**Directions**
Give the count of lines in the records below that contain "Photo", and say nothing more.

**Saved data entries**
########################################

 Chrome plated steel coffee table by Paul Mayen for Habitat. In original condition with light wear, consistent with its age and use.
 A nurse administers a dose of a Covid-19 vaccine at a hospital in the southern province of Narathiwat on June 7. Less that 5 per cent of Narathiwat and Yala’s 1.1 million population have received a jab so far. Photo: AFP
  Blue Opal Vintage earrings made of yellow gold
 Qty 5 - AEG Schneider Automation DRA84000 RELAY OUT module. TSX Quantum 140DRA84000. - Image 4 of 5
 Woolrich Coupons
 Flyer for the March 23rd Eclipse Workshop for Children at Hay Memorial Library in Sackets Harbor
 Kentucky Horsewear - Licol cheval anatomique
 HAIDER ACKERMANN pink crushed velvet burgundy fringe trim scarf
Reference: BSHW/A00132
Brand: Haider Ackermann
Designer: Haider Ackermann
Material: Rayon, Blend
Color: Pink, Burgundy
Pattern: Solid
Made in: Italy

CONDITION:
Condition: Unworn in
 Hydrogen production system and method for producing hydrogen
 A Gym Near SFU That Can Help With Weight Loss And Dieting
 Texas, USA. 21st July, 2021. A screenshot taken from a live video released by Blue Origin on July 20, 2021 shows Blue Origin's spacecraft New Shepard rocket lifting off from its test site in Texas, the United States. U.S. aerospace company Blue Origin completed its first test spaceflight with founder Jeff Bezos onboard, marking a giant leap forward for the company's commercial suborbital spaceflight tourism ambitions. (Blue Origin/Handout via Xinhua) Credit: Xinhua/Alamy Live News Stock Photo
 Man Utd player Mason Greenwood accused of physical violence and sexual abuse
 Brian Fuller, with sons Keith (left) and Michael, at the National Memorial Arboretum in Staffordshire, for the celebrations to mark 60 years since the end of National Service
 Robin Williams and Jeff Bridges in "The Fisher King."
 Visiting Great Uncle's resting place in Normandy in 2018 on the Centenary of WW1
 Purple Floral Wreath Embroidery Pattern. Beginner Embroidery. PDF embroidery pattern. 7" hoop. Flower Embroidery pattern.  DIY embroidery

########################################

**Answer space**
2